Leading in the domestic aortic intervention field, gradually gaining strength in the peripheral field

The company is a leading domestic company in the field of aortic and peripheral intervention. In the short term, aortic harvesting has not yet been implemented on a large scale across the country. There is uncertainty about the impact on the company's performance. Considering the company's rich product portfolio and strong ability to withstand collection risks, the decline in collection may be moderate; in the medium to long term, the company closely follows clinical market needs, continues to increase R&D investment, accelerate the improvement of the product line layout, and has a competitive product portfolio in aortic business, peripheral intervention and oncology intervention business, providing effective support for the growth of the company's business performance.
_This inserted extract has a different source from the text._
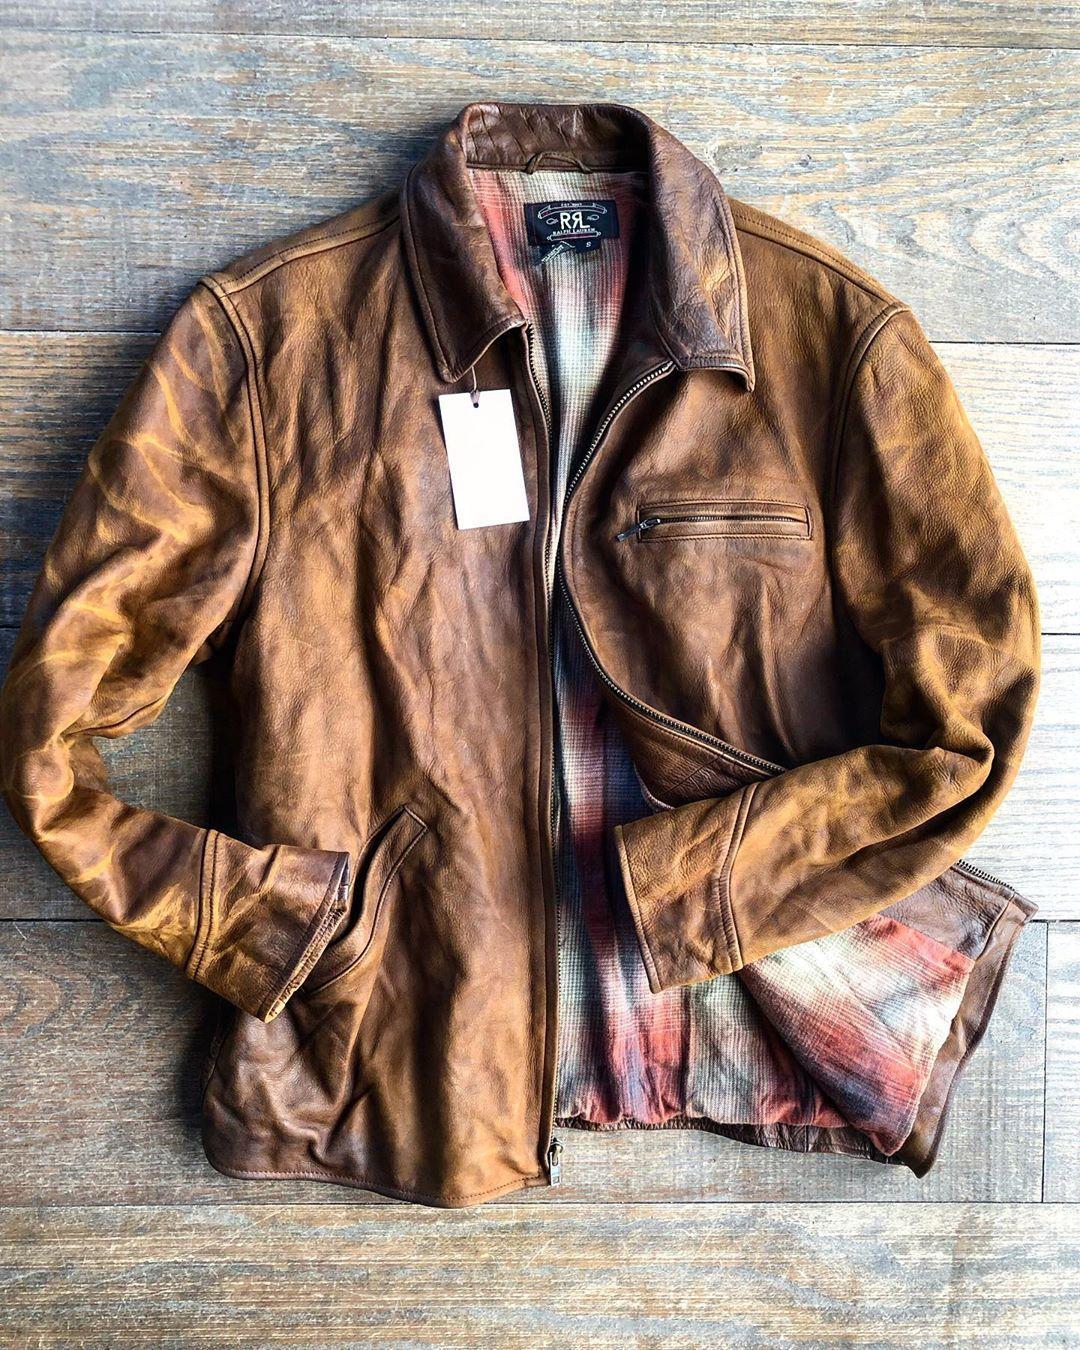 Rrl Leather Jacket Rrl Jacket Leatherjacket Ralphlauren Atl Menswear Mensclothing Fashion Fashi Leather Jacket Style Leather Jacket Leather Jacket Men [ 1350 x 1080 Pixel ]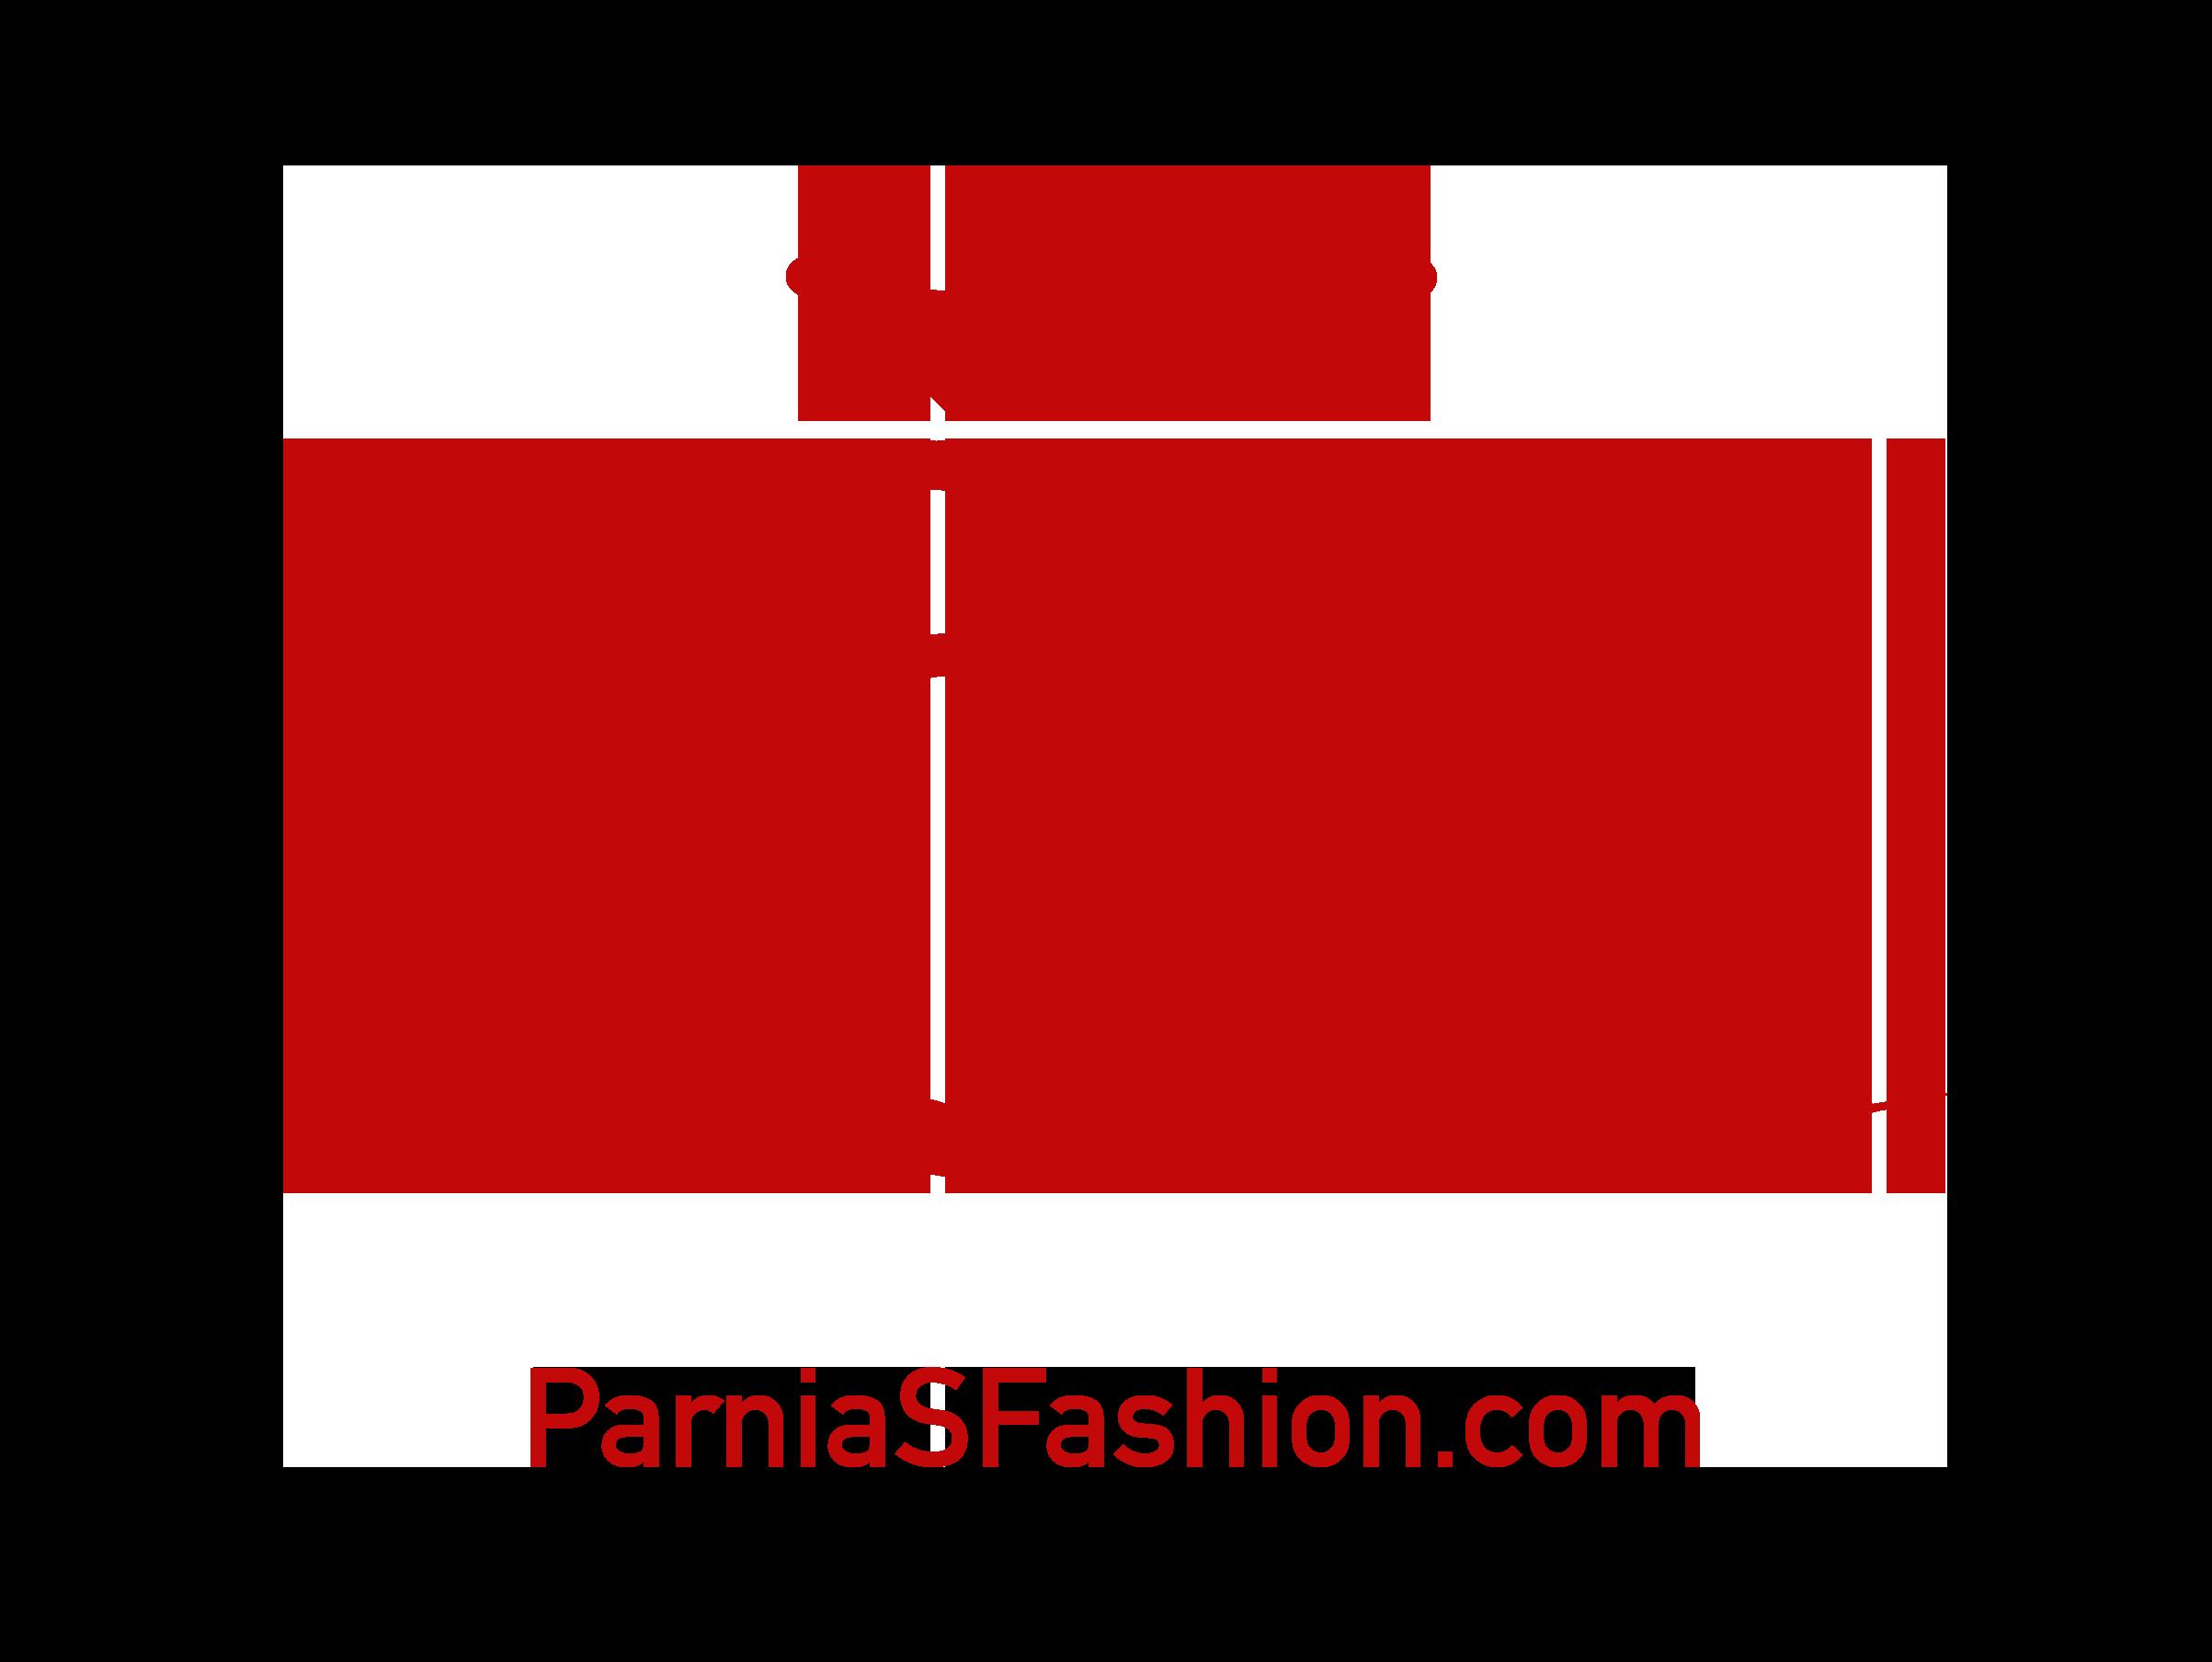 ParniaSFashion

We expect the company's revenue in 2024-2026 to be 1,519, 19.11, and 23.79 billion yuan, up 27.98%, 25.77% and 24.52% year on year, and net profit to mother will be 6.41, 8.17, and 1,029 billion yuan respectively, up 30.14%, 27.47%, and 26.02% year over year, corresponding to PE 23, 18 and 15 times, respectively, maintaining the “buy” rating.

Risk warning

1) The price reduction in concentrated volume procurement exceeds expectations: the company fails to keep up with the development of the industry in the future, continue to carry out technological innovation and product design, and maintain a leading position in the industry; or major changes in relevant national policies and market competition development, the company may face the risk of falling product market prices, which will adversely affect the company's future profitability.

2) Marketing falls short of expectations: The company's failure to improve its ability to manage dealers in a timely manner may damage the company's brand and reputation or decline in regional sales of products, which adversely affects the company's promotion.

3) Progress in the research pipeline falls short of expectations: Due to the large number of pre-registration procedures and long cycles for aortic and peripheral vascular interventional medical device products, the company may risk that newly developed products will not be registered in a timely manner, which in turn will delay the product launch and promotion process and adversely affect the company's business performance.